The Zika Virus and Abortion Laws in Latin America

Recently, global attention has fallen on the Zika virus which has been declared a “global public health emergency” by the World Health Organization. The Zika virus is a disease that is spread mainly through infected mosquito bites, and it is very prevalent in Latin America.

In adults, the Zika virus can cause “fever, rash, joint pain, and conjunctivitis,” and it rarely requires infected adults to be hospitalized. Unfortunately, the virus can cause detrimental effects to infants born to women who were pregnant when they were bitten by the infected mosquitos. Specifically, the virus may cause microcephaly in infants (who were in utero when their mother was initially infected). Microcephaly can cause infants’ heads to be much smaller than normal and can cause infants to have underdeveloped brains. In addition, the disease may cause seizure, developmental problems, and visual and hearing problems for these infants.

In light of these dangers, public debate has ignited over several Latin American countries’ abortion laws. For example, there is a complete ban on abortion in Nicaragua, El Salvador, the Dominican Republic, and Chile. In Colombia, the law allows abortions where the mother’s health is at risk and when the “fetus displays signs of severe deformity.” In Brazil, abortion is permitted in cases of rape, when the mother’s life is at risk, and when the fetus has ancephaly.

Unfortunately, all of these countries have reported cases of the Zika virus. As of recent reports, at least 100 El Salvadoran women have tested positive for the Zika virus. In Brazil, at least 3,893 infants were born with microcephaly from October 2015 until the middle of January 2016. In response to the outbreak, the governments of “Ecuador, El Salvador, Jamaica, and Colombia . . . recommend that women delay their pregnancies.

In addition, the dangers of the Zika virus has cause several Latin American governments, such as Brazil, to consider revising their abortion laws. In other Latin American countries, such as Colombia, women are permitted to get abortions if they have been infected with the Zika virus. However, these exceptions are not well known “in the most affected areas [, where there is less] clarity over these laws.” In these affected areas, “there is [also] a lack of information and access to [such abortion] services.”

Even with the threat of severe deformities caused by the virus, lobbyists exist on both sides of the issue in Latin America. There are many arguments both for and against abortion in the Zika virus context. For example, lobbyists against abortion argue that aborting a fetus (who may have microcephaly) is prejudice against a disabled person. Supporters for more relaxed abortion measures argue that the virus may cause very severe birth defects, and that women will still get abortions—although poorer women (compared to wealthier women) will be more likely to get abortions in life-threatening and unsanitary conditions.
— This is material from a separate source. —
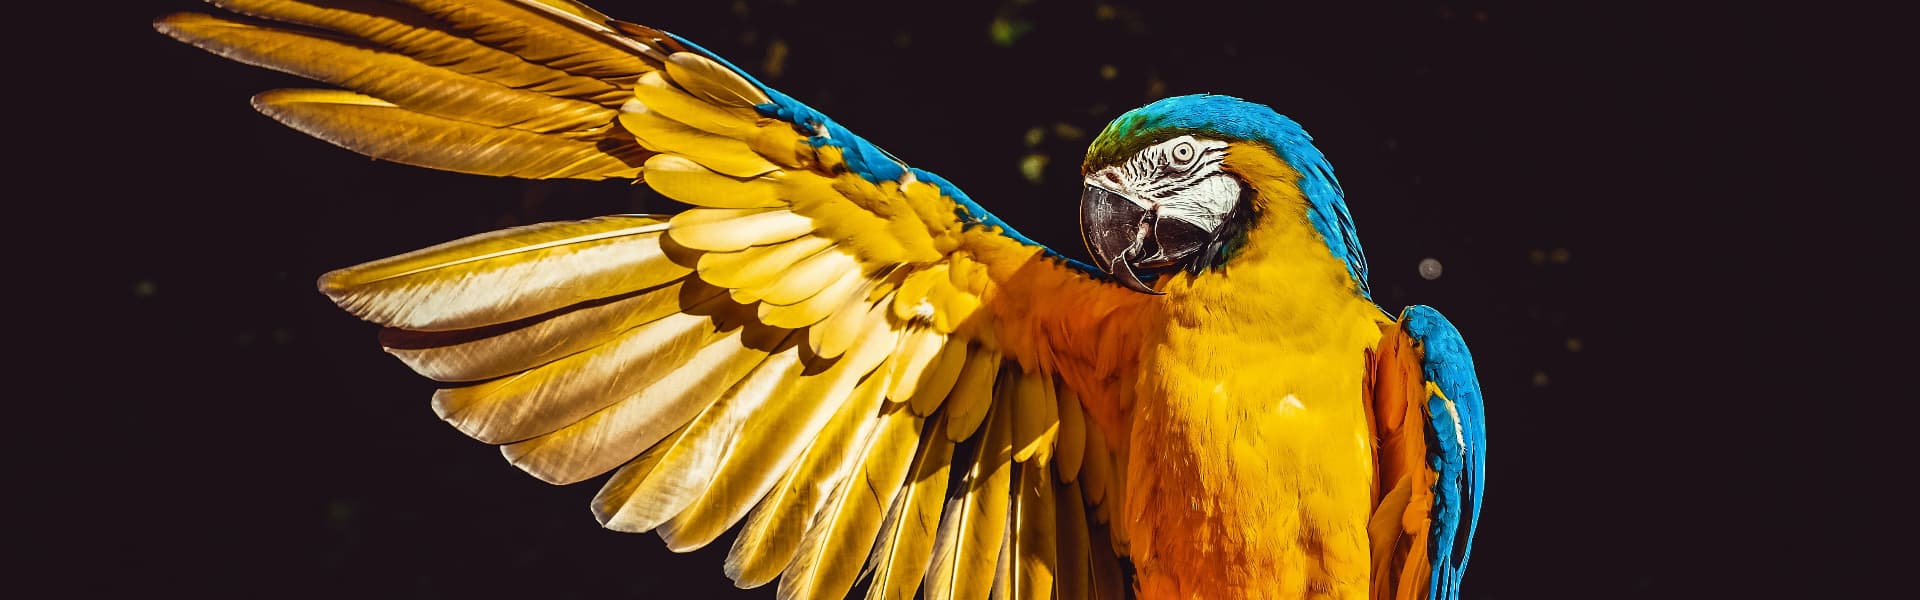 macaw bird fanning out one wing against dark background

Latin American countries that completely ban abortions (even in Zika virus cases) should consider revising their laws to make the virus an exception to these abortion laws. Further, countries with Zika virus exceptions should publicize the exceptions to areas that are heavily impacted by the virus. If these countries cannot make such exceptions, then those countries’ governments should provide financial assistance for the medical costs associated with caring for the infants who suffer from microcephaly.

Kelci Scirrotto is a 3L and a senior editor of the Journal of Law and International Affairs at the Penn State University Dickinson School of Law.